3/7/2013 | By Allen Kenney
Scott Westphal of Cornerstone Real Estate Advisers joins NAREIT editorial director Allen Kenney to discuss real estate fund management and ongoing trends in real estate investment.
Cornerstone manages the Oppenheimer Real Estate Fund (OREAX), the Oppenheimer Global Real Estate Fund (OGRAX) and the Dunham Real Estate Stock Fund (DNREX).
Westphal noted that in 2012 the REIT market faced concerns over sovereign debt issues in both the United States and abroad. The related fears concerning the impact of a reduction in spending also impacted REITs with exposure to the Washington market. Additionally, REITs had to deal with tepid economic growth, both at home and abroad.
“We really feel that, on the margin, some leasing decisions may be being delayed until the greater uncertainties over tax policy and regulatory policy begin to clarify themselves,” Westphal said.
On the positive side for REITs, West Coast markets showed resiliency last year, according to Westphal.

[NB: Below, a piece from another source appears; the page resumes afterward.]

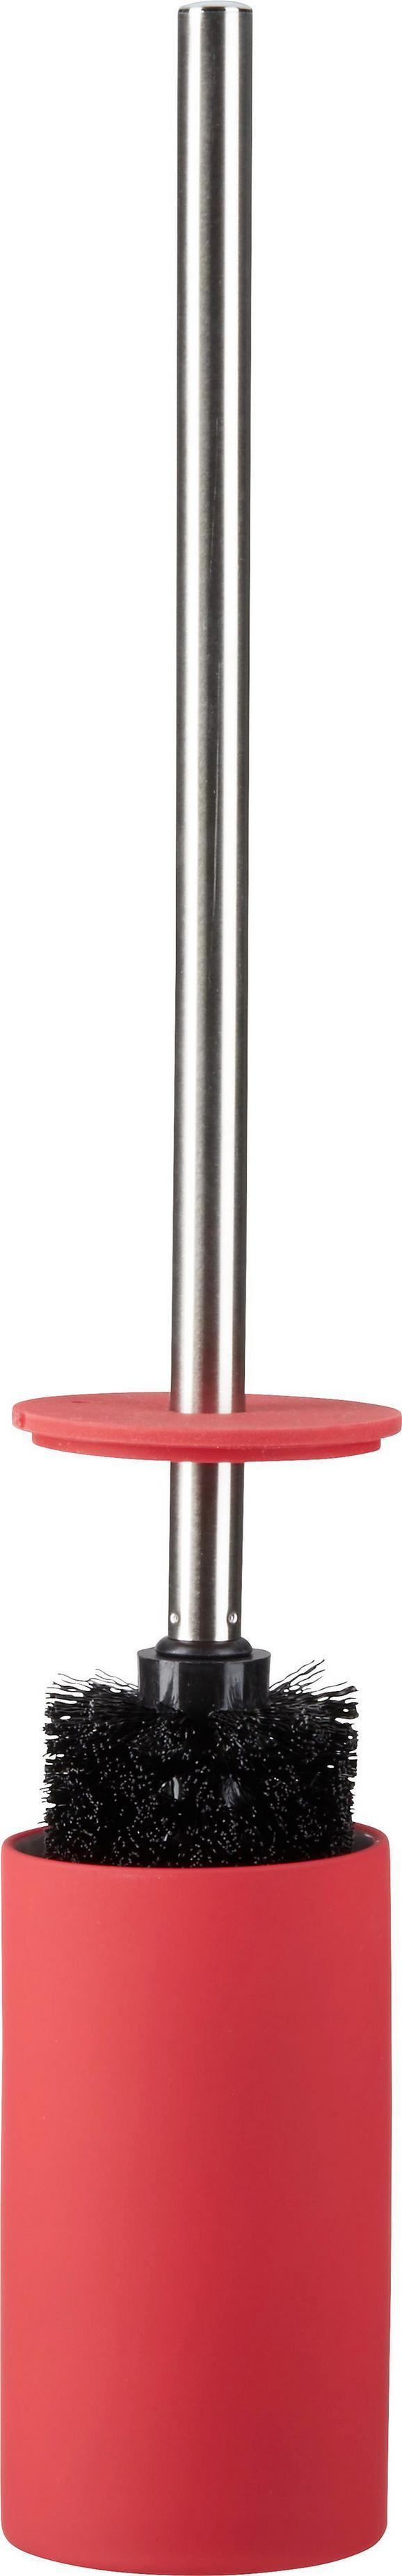 Wc-kefe Melanie - Ezüst, Műanyag/Fém (8/45cm) - Mömax modern living

He also said investors demonstrated a preference for mid cap REITs over large cap REIT stocks, and they were surprised by low interest rates that persisted through the year.

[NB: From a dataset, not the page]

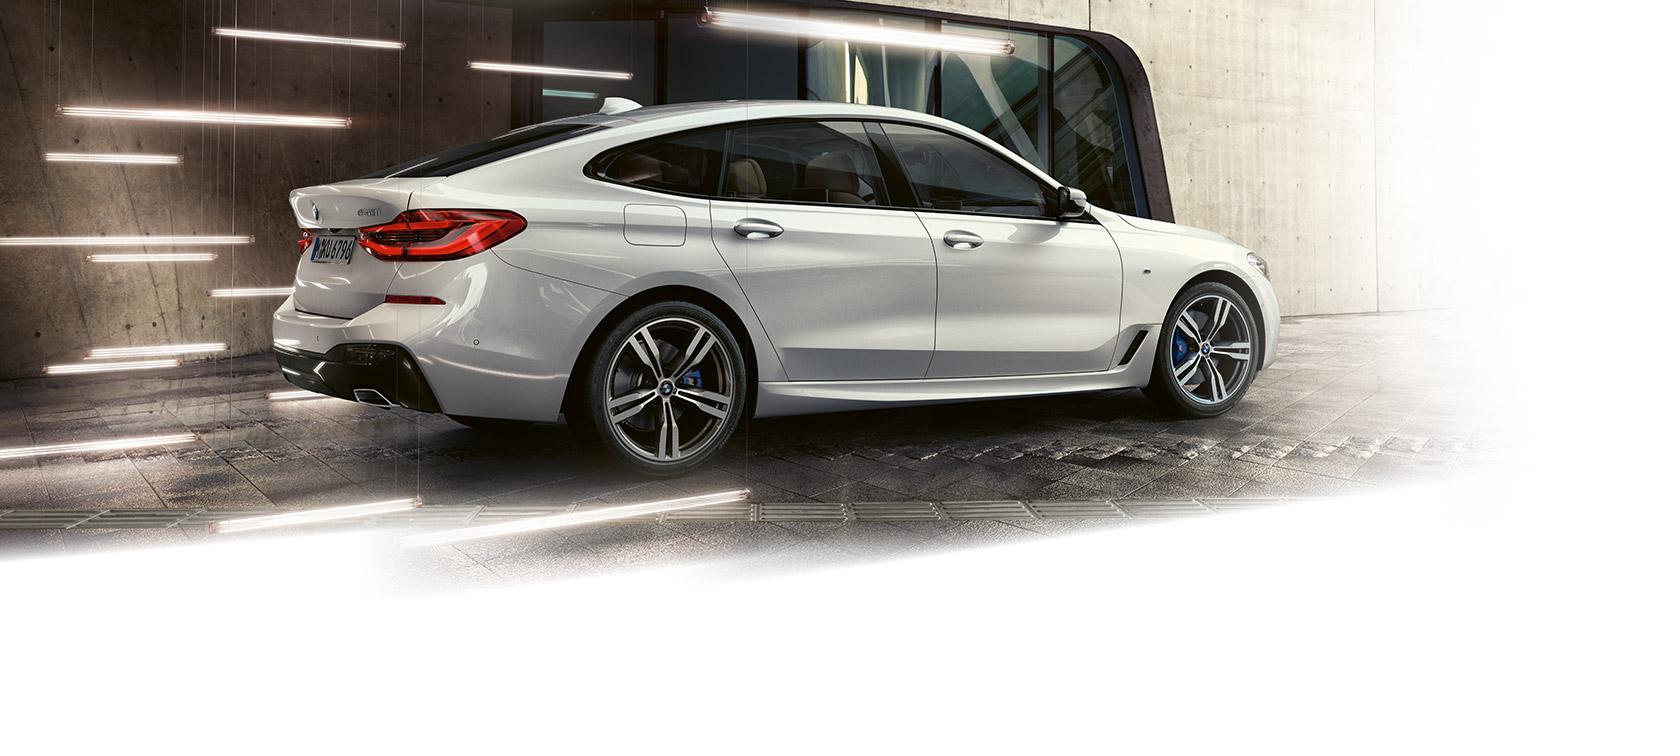 Bmw Gt Full Form >> Bmw 6 Series Gran Turismo At A Glance

Cornerstone views REIT sectors as generally being appropriately valued. However, Westphal said the company does see some potential value in the hotel and lodging sector.
“We think the RevPAR growth that has occurred to date has been extremely health. Based on our prognosis of the hotel market going forward, we think this RevPAR growth will continue going forward,” Westphal said. “The vast majority of RevPAR growth at this time is all rate-driven, rather than rate- and occupancy-driven.”
When RevPAR growth is driven by rates, it doesn’t create additional operating expenses, according to Westphal.
Westphal said Cornerstone does have concerns about the state of the apartment REIT sector, and the firm is projecting that multifamily REITs will underperform early this year. Westphal also said his team at Cornerstone views the potential for shifts in governmental policies as an area of concern for health care REITs.
"The REIT market, like most markets, was periodically whipsawed over concerns about sovereign debt issues, both in the United States and elsewhere, and weakening economic growth between the United States and our trading partners" he said.